I am currently working with genomic data from bottlenose dolphins generated through ddRAD sequencing. I'm currently filtering the biallelic SNP data. Right now I'm looking at linkage disequilibrium using vcftools to calculate the R^2 value between two SNPs. The output is straightforward with three columns for the positions of the SNPs being tested, one column for the number of individuals sharing this SNP and the corresponding R^2 value:
CHR POS1 POS2 N_INDV R^2
NW_017842120.1 105522 1040442 133 0.00322423
NW_017842131.1 28704 680111 149 0.0187932
NW_017842131.1 28704 947810 115 0.00176315
NW_017842131.1 28704 1877729 143 0.00398911
NW_017842131.1 28704 2027166 132 0.00220472
NW_017842131.1 28704 2484385 160 0.00376784
NW_017842131.1 28704 3216074 161 0.000317002
NW_017842131.1 28704 3300206 160 0.00379328
NW_017842131.1 28704 3378162 157 0.00476654
and in the course of this several questions popped up:
Should I calculate an adjusted R^2 value for large numbers of observations or does vcftools already provide the adjusted value? Didn't find any pointers in the vcftools manual as to how the R^2 value is being calculated except that it's done in a similar fashion as in PLINK.

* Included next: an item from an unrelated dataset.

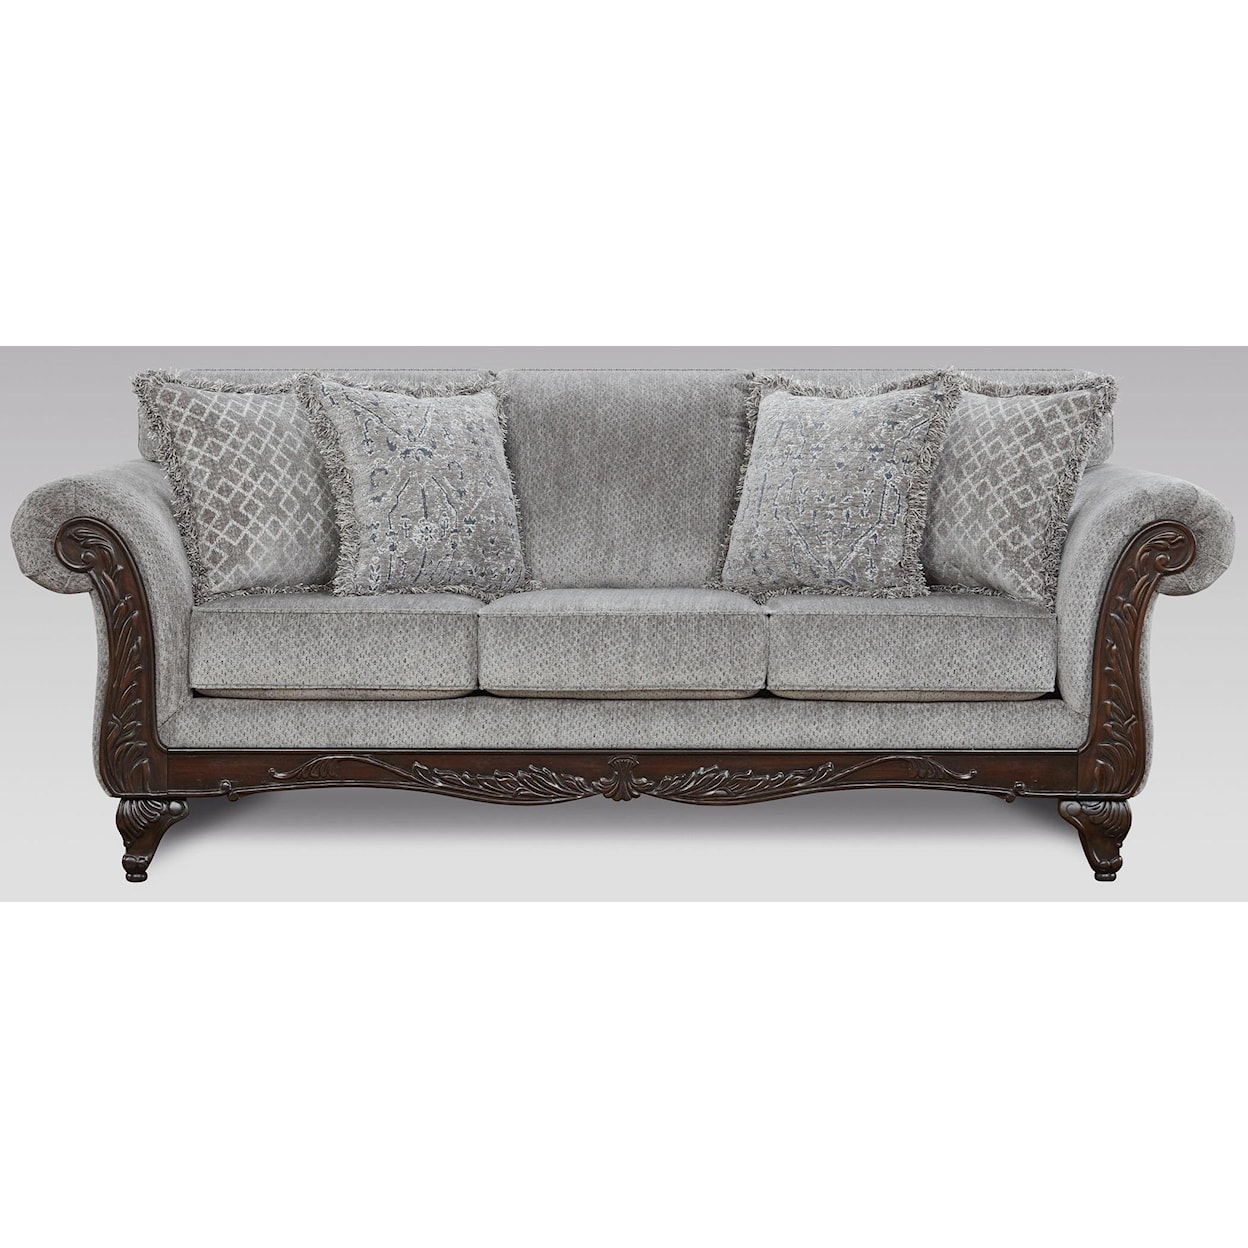 Affordable Furniture 8550 Emma Slate Upholstered Sofa

In order to test for significance I can simply calculate the F-statistic with the corresponding dfs (df1 = 1 and df2 = n - 1)?
The resulting p-values from the F-test will likely have to be adjusted (Bonferroni or Holm). Should I do this per scaffold or across all SNPs? I'm assuming per scaffold since SNPs on different 'chromosomes'/scaffolds weren't tested against each other?